At last he was satisfied, so satisfied that his slip of the tongue and the catcalls of the street kids were, at least, partially forgotten.
Everything in the shop was ready for business, which turned out to be slow in coming.
He didn’t know why he had expected people to come trooping in with their valuables once they saw the shutters were off and someone new was in residence. He’d even accepted that some would come in just for a glimpse of the new owner; they’d obviously seen him working. But the strange thing was no one came in to do business; everyone came in to stare.
As it was a Wednesday, he’d done the same as he’d seen the other shops in the rank do and closed at one o’clock. He’d noticed they never opened on a Wednesday afternoon and resolved to do the same. After all, he wanted to fit in so must do as everyone else.
Two women came in around midday, supposedly to survey what was on offer. He could see from the moment they entered that he was the object of their curiosity.
‘Can I help you with anything, ladies?’ he asked, the deep timbre of his melodious voice causing one of the women to raise her hand to her breast as befitted a maiden rather than a maiden aunt.
‘Thank you! But we’re just looking.’ She sounded breathless, even a little excited, and the way she looked him up and down was really quite shameless.
Her friend, a wide woman with the jowls of a bloodhound, was not so taken aback. Her eyes were like black beetles burrowing into his soul.
‘We have to see if we can trade here. There’s a lot of fore
igners about and a war on. Who knows who’s who and what’s what? It don’t hurt to be careful.’
‘Yes,’ he said, and dropped his gaze. For a moment he was back there – the place where it was all happening.
‘You don’t sound from round here. Foreign are you?’ asked the first woman.
‘I was born here.’
‘Don’t sound like it.’
‘I’ve lived abroad for a while.’
Beetle Eyes asked, ‘So where are you from?’
The strident enquiry had been answered a dozen times already that morning. He gave the same answer.
‘I was born here but have recently lived in Holland. My parents live in Holland. My father is a minister of the church.’
It was a lie, but a convenient one. His father was his stepfather and was a minister. Michael had despised him for it. The country was Germany not Holland. Lying gets easier and easier the more you did of it, and Michael had done a lot – a terrible amount.
The sour-faced woman tossed her head in an exaggerated nod. He’d won her approval.
‘How much for this salt shaker?’
Michael took it out from the cabinet. The shaker was an electro-plated imitation of an eighteenth-century silver original. Anyone with taste would not have bought it. He sold it to her for two shillings and sixpence. He didn’t know whether it was a fair price, it was just the first figure to come into his head.
They left shortly after. Michael stared at the open door. They were long gone by the time he closed it. He told himself there would be busier days once he made sure they believed he was from Holland. Tomorrow would be better.

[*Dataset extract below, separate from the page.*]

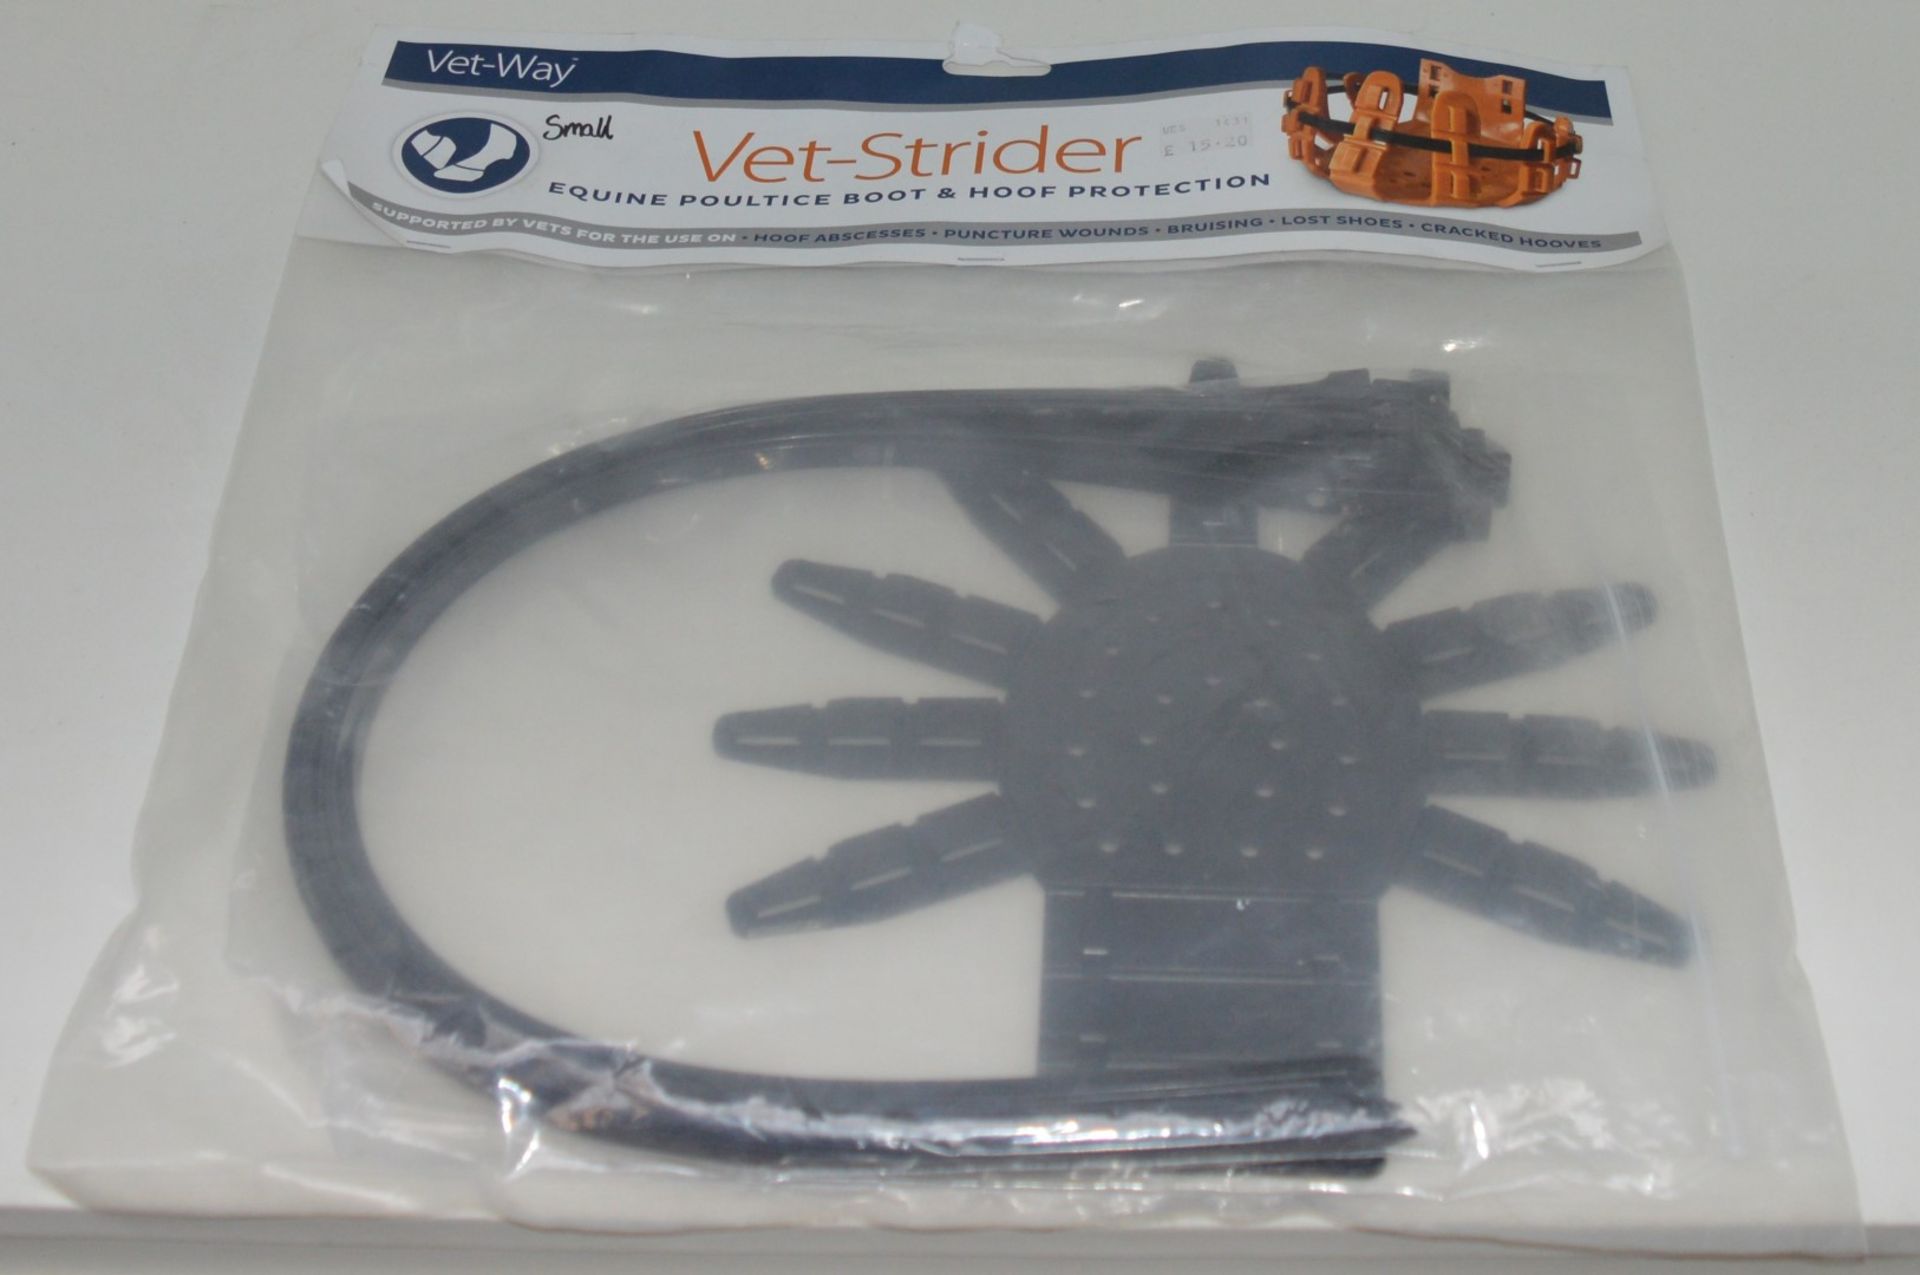 1 x Vet-Strider Equine Poultice Boot and Hoof Protection - CL401 - Suitable For Use on Hoof - Image 2 of 4
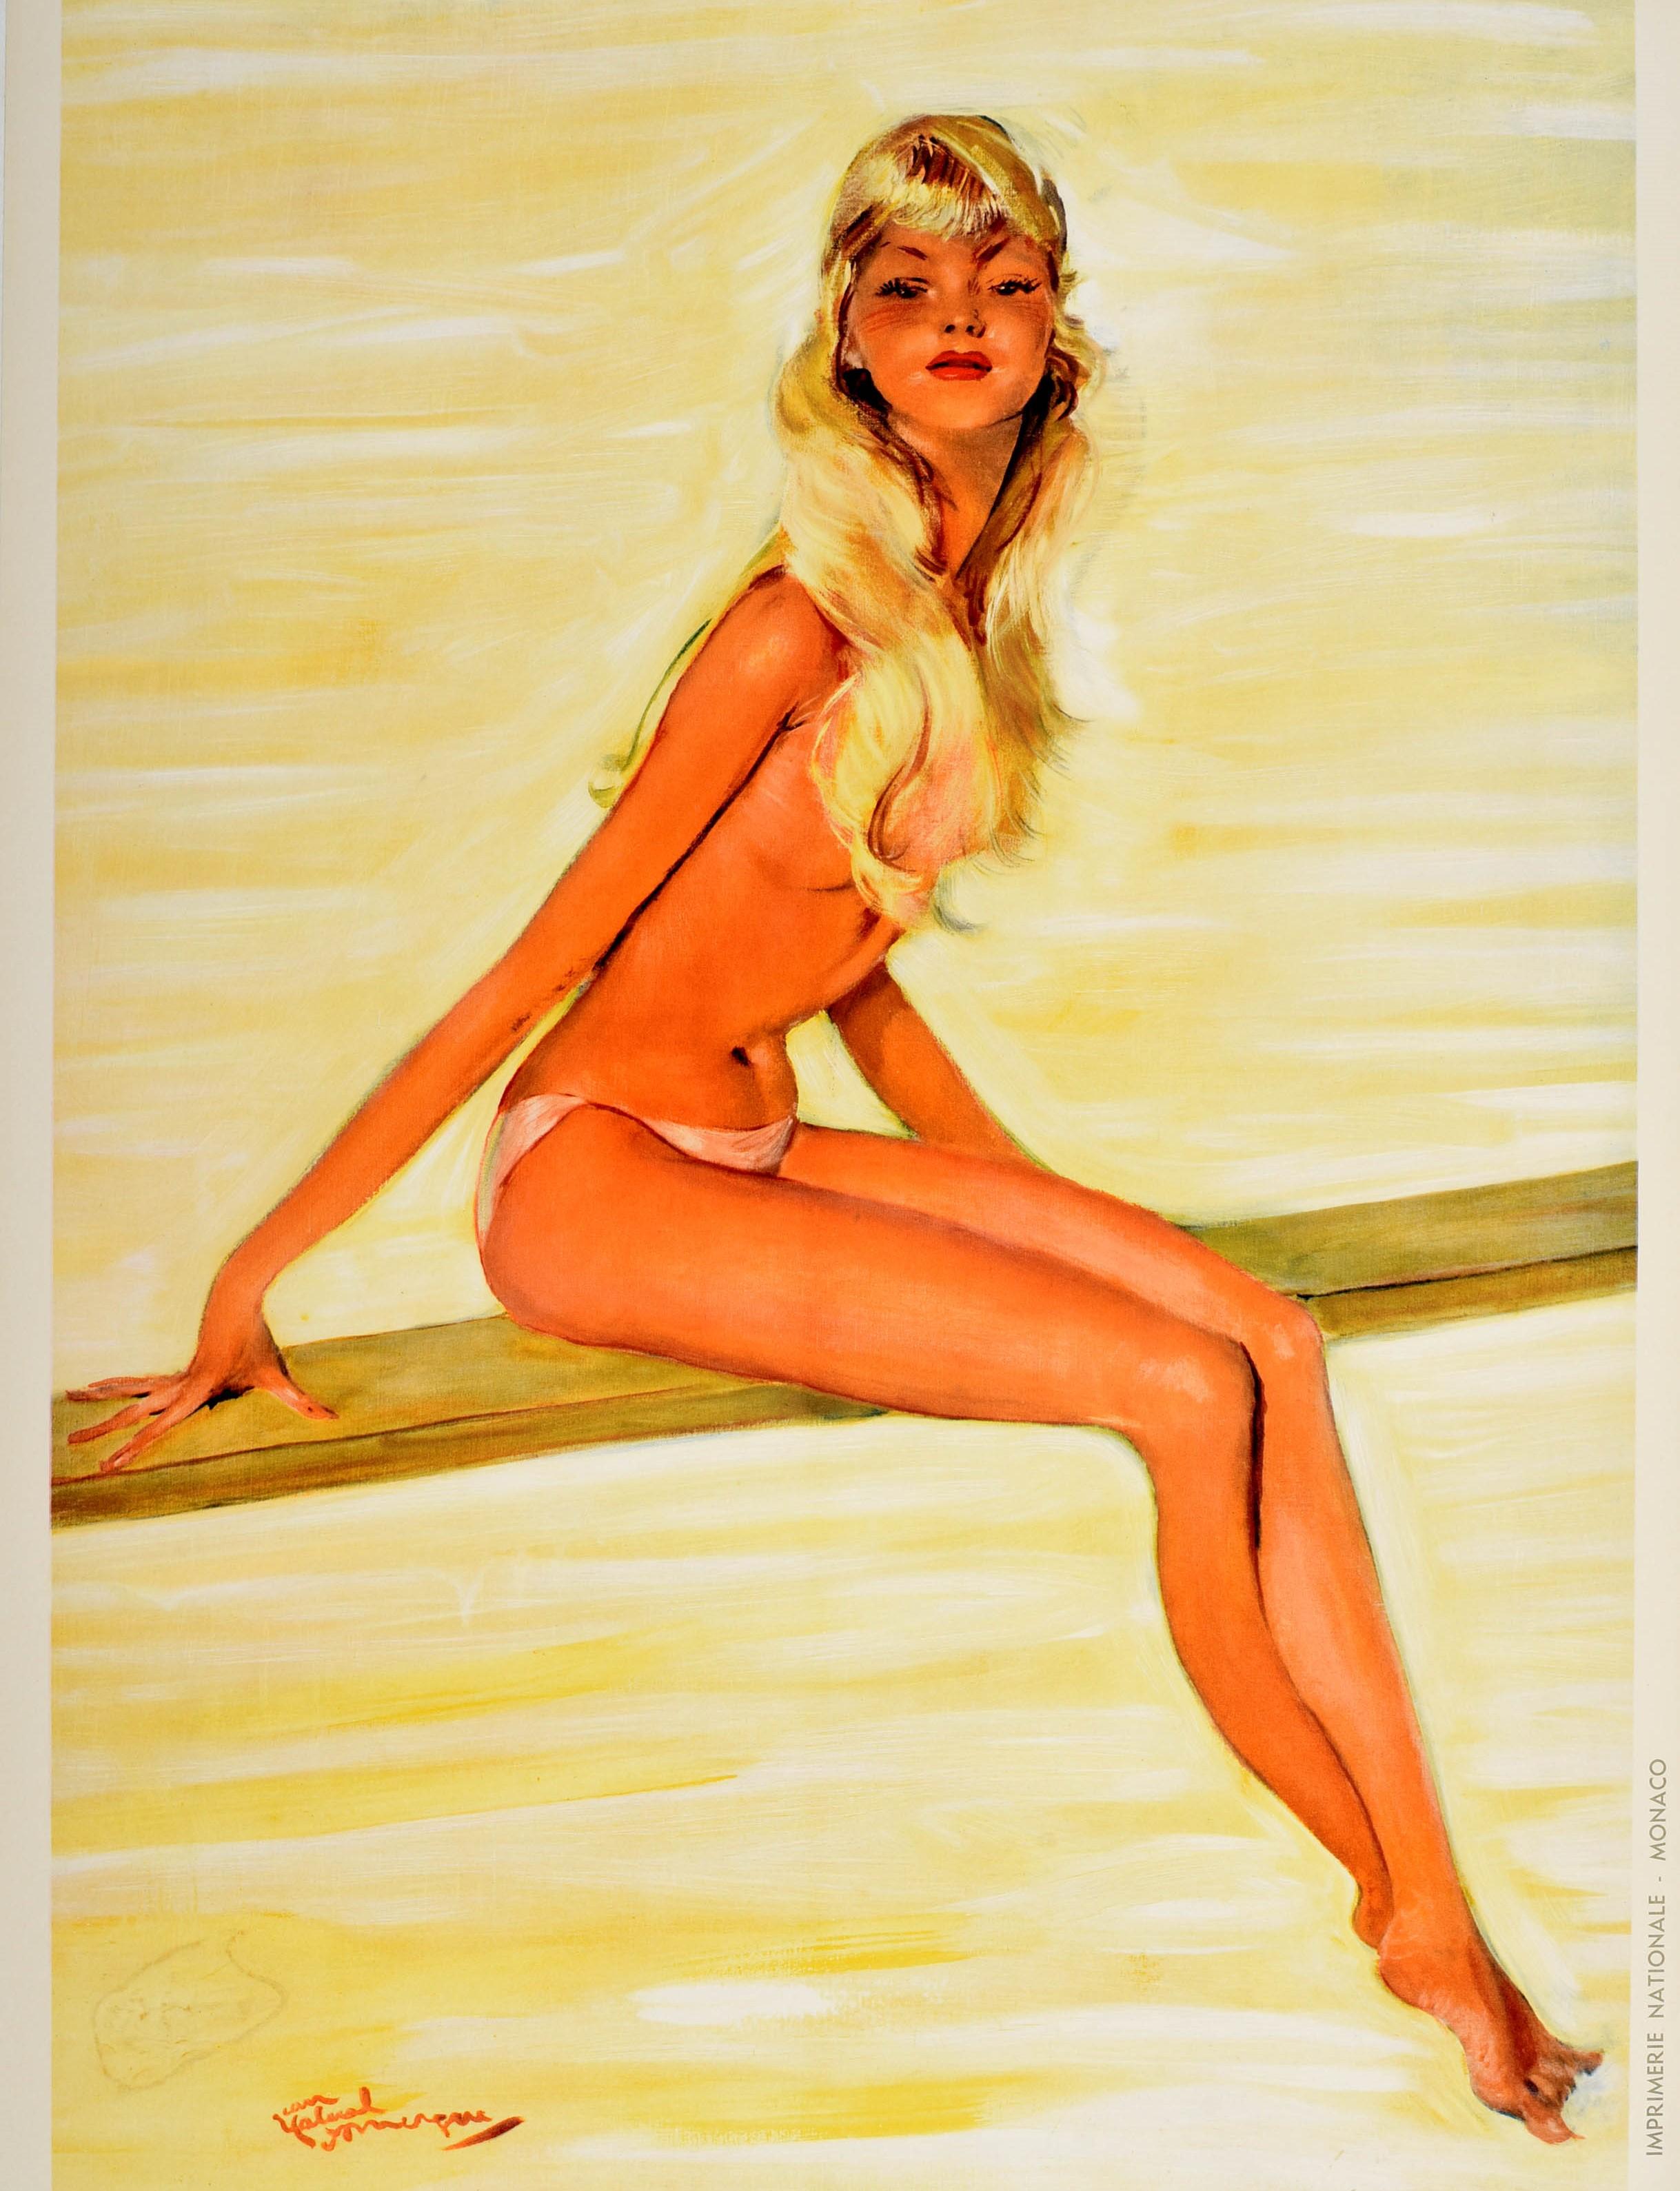 old pin up girl posters

That night he made himself a meal and listened to the fine strains coming from the wind-up gramophone. He had chosen Schubert – something soft and gentle to ease his troubled soul.
By the end of the week, the little cash drawer behind the counter held only a little silver and about two pounds’ worth of copper coins.
A typical customer was a man who called in wanting to retrieve a set of silver spoons given to him as a wedding present by his mother.